I think I can handle one more month of cocooning. Last ten days were freezing cold. There is not much snow around and I don't like it. Snow cover protect the plants from coldness but, as I could see trough the window, they are doing well. The lawn is full of mole mounds and all the evergreen shrubs look somewhat frozen. They will recover, as they always do.

Sort out the seeds...
January is perfect for planing the following garden season. I have already sorted out the vegetable and flower seeds from the last season, made the sowing shedule, and decided what will be sown inside and what directly in open site. Now I know what I got and which seed I still need to buy.
I have a brand new notebook which will serve as this year garden diary. I have been writing down the tasks I plan to realise this season. For example, make new compost bins or paint the bench. So far, there are thirteen tasks on the list but, I am sure I think of some more.
The three books are constantly somewhere at reach of my hands, all of them being about organic gardening. They were a very good investment in my gardening library. I am keep coming back to them all the time.

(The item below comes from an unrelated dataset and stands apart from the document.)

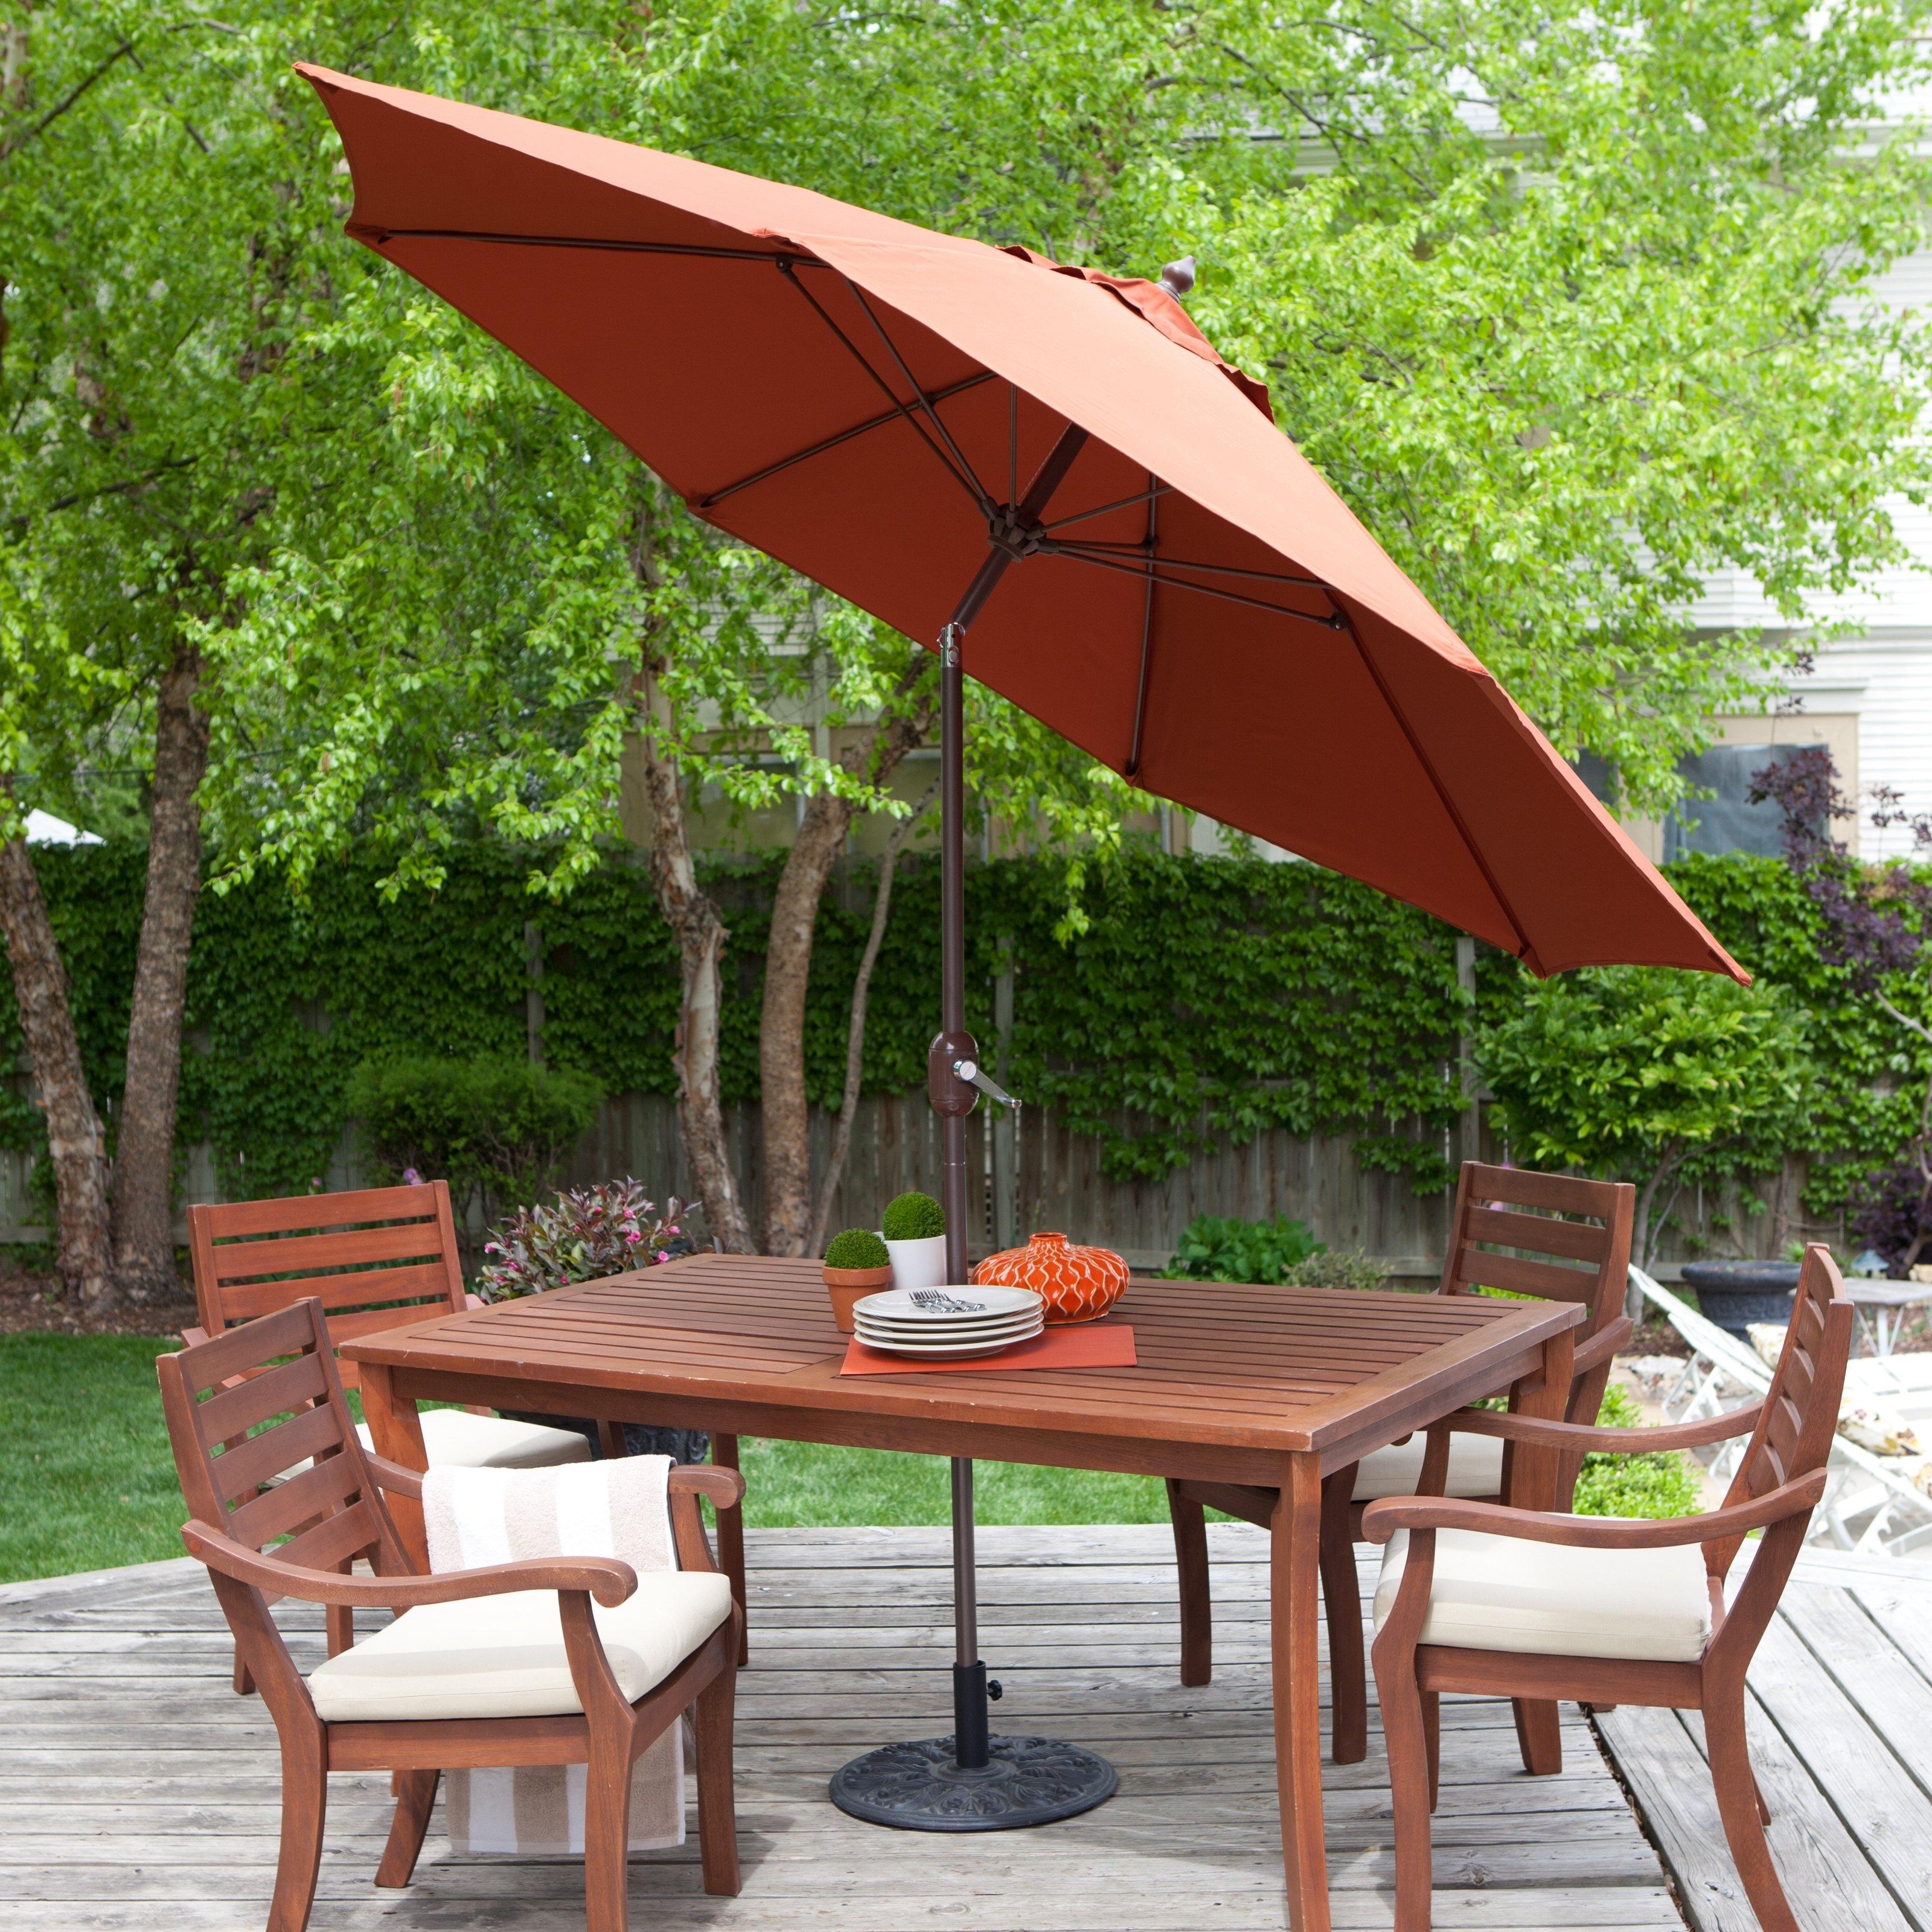 Galtech Sunbrella 11 Ft. Maximum Shade Deluxe Aluminum Auto Tilt In Popular Patio Umbrellas With Sunbrella Fabric (Gallery 14 of 20)

These are: Encyclopedia of Organic Gardening  by group of authors, all members of HDRA - the organic organisation; Bio-garden by Marie-Luise Kreuter and, Vegetable Growing Month by Month by John Harrison.


All  the books are down to earth, full of useful tips and advices because the authors are practical gardeners and know from their own experience what are talking about.
John Harrison is a popular vegetable grower in Britain and has his own web site Allotment Vegetable Growing - worth visiting it! If you'd like to read the articles such as "what to do in the garden now" click here and scroll down, there are links for each month of the year.

Marie Luise Kreuter was a very popular gardening author in Germany. This particular book is being edited for years and always sold out.This is actually 24th edition of the book.

I also checked out the pot plants overwintering in the cellar. I haven't so much space around the house where they would receive more light but, to my surprise, they are keeping rather well. I cut down Oleanders last winter pretty severely to get more bushy plants. By now, they developed new branches and the leaves look nicely green and healthy. I give the plants a good portion of water every two weeks. As soon as it became warm outside, they go out. Once they are out, all I have to do in early Spring is frost protection.